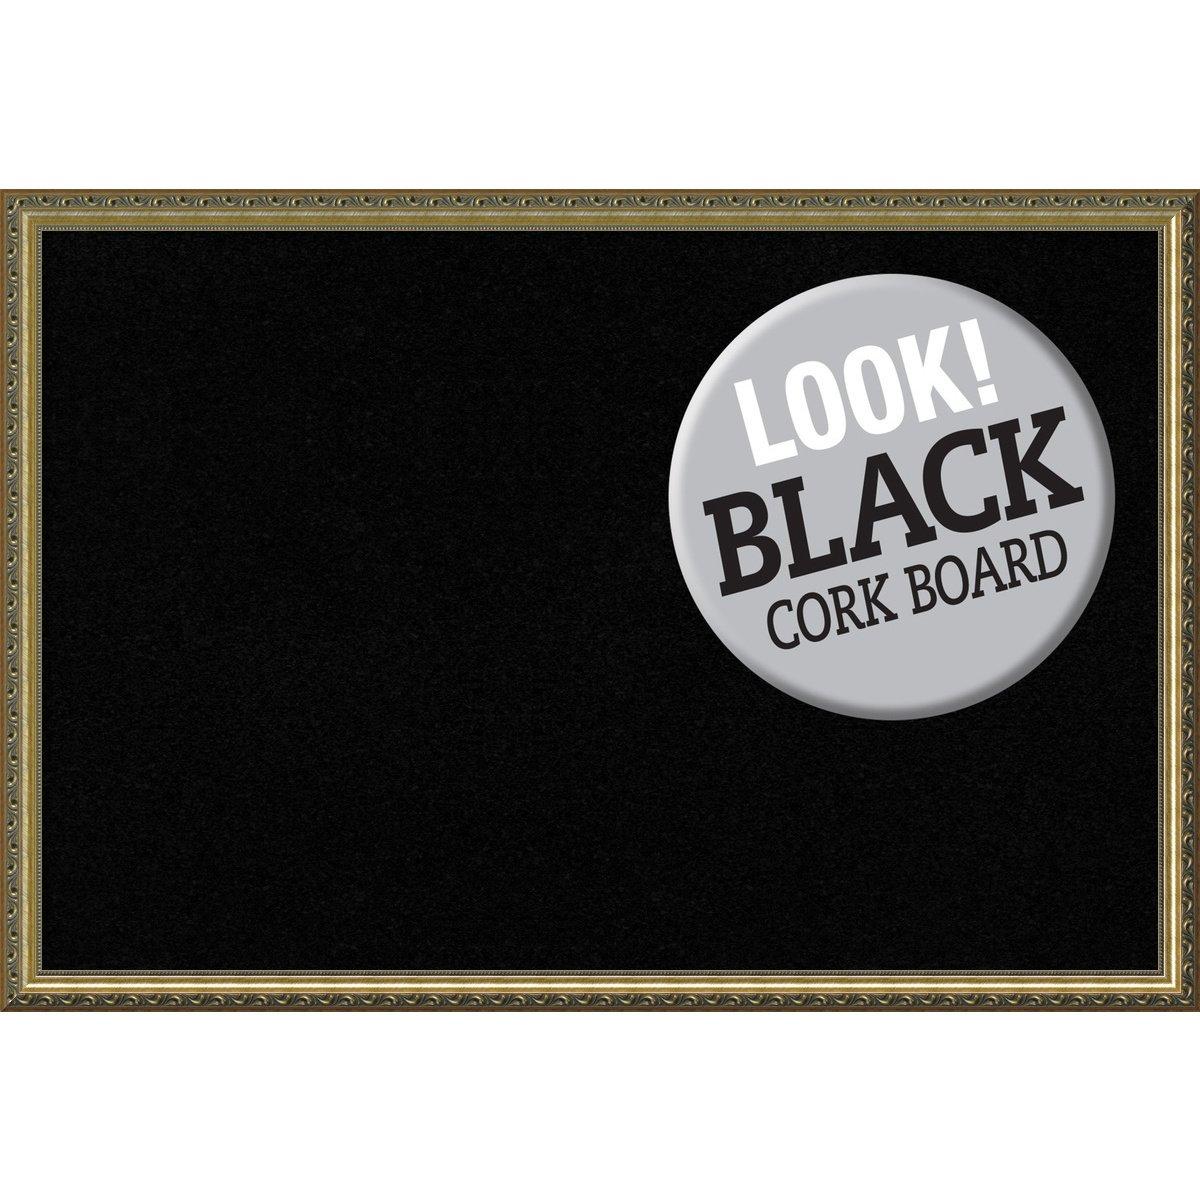 Amanti Art Framed Black Cork Board Parisian Bronze: Outer Size 38 x 26'' X-Lg, Extra Large
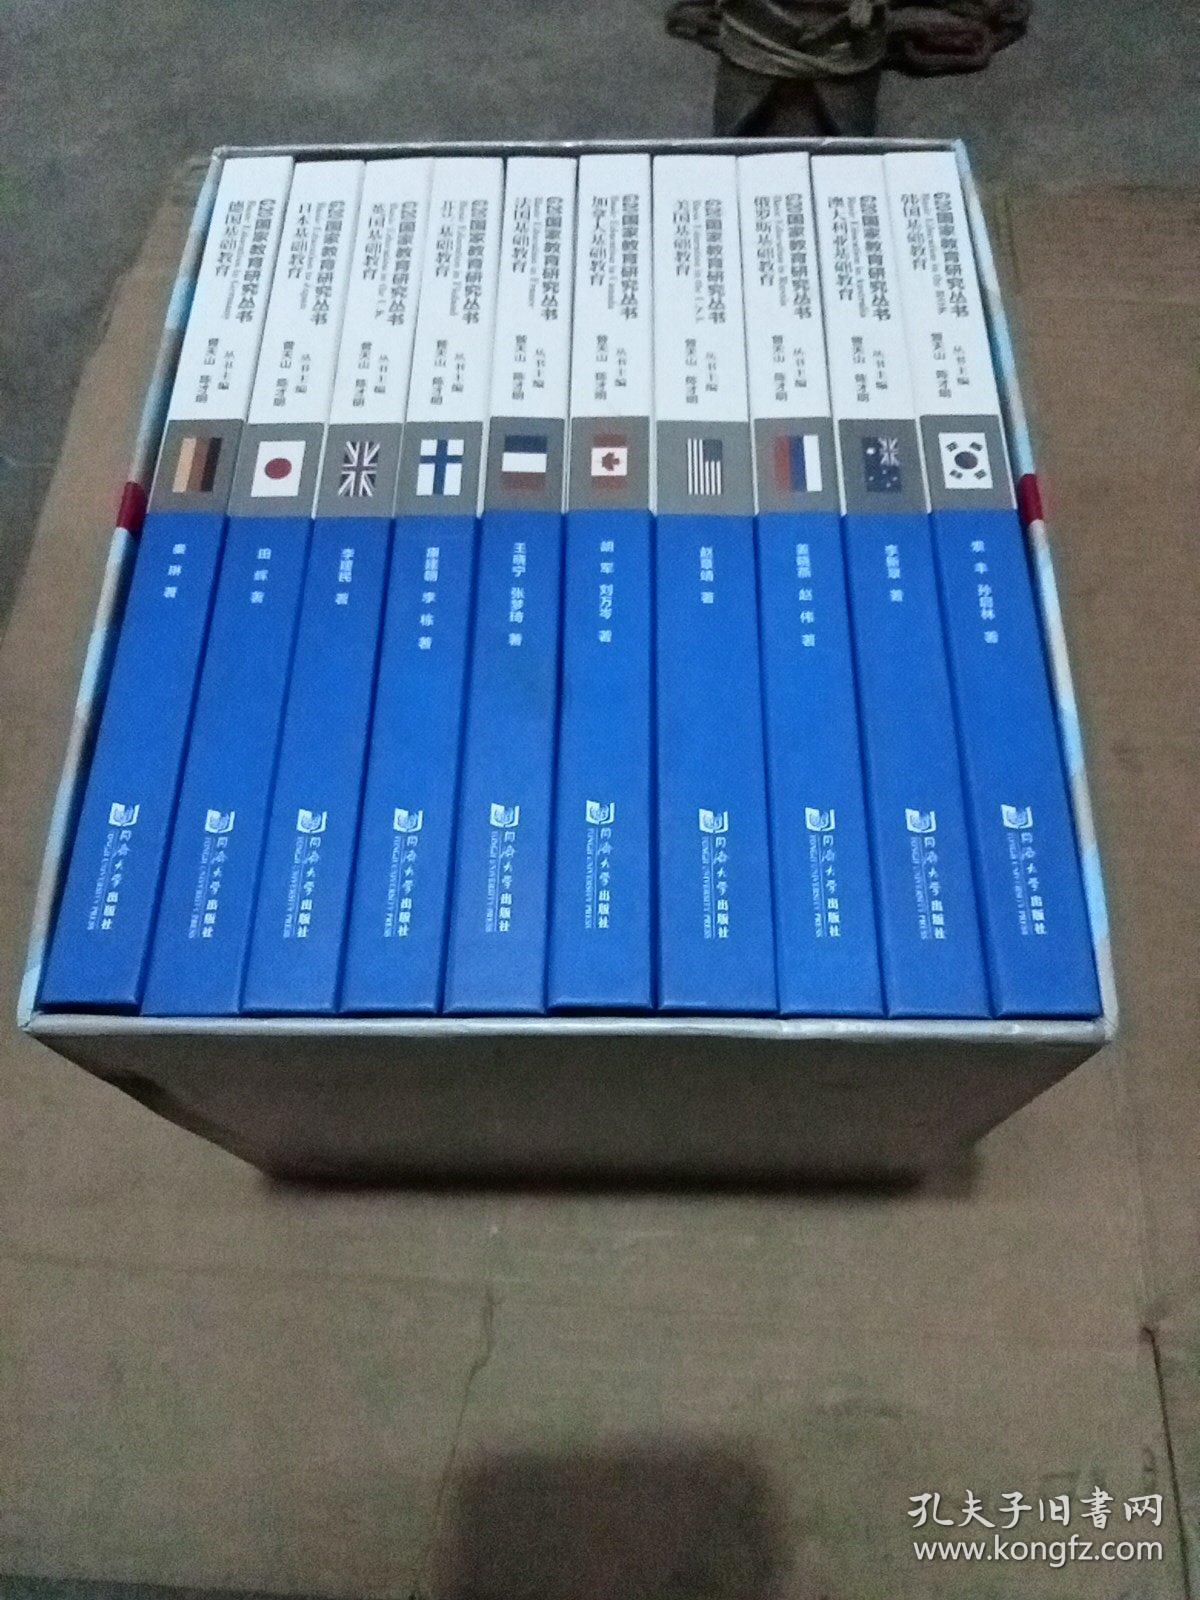 G20国家教育研究丛书:日本,美国,俄罗斯,英国,法国,德国,加拿大,澳大利亚,韩国,芬兰.【全十册合售】
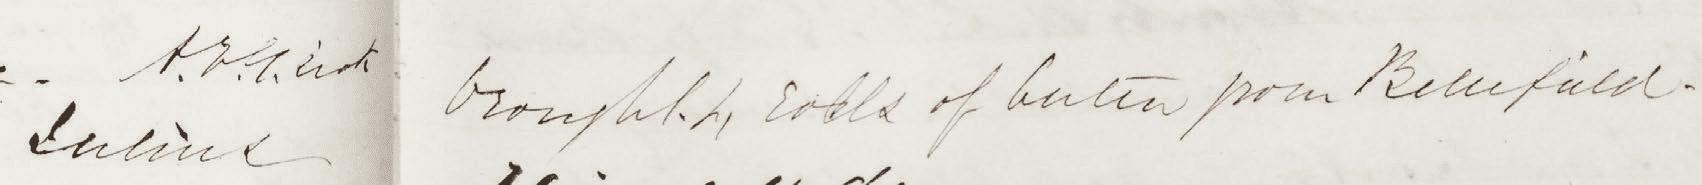 Julius brought 4 rolls of butter from Bellefield. 6 April 1861
#####
• [Assignment] Give the listing again, exactly as it appears, but without its images.

• [Written reply]
 Amanti Art Framed Black Cork Board Parisian Bronze: Outer Size 38 x 26'' X-Lg, Extra Large
 G20国家教育研究丛书:日本,美国,俄罗斯,英国,法国,德国,加拿大,澳大利亚,韩国,芬兰.【全十册合售】
 Julius brought 4 rolls of butter from Bellefield. 6 April 1861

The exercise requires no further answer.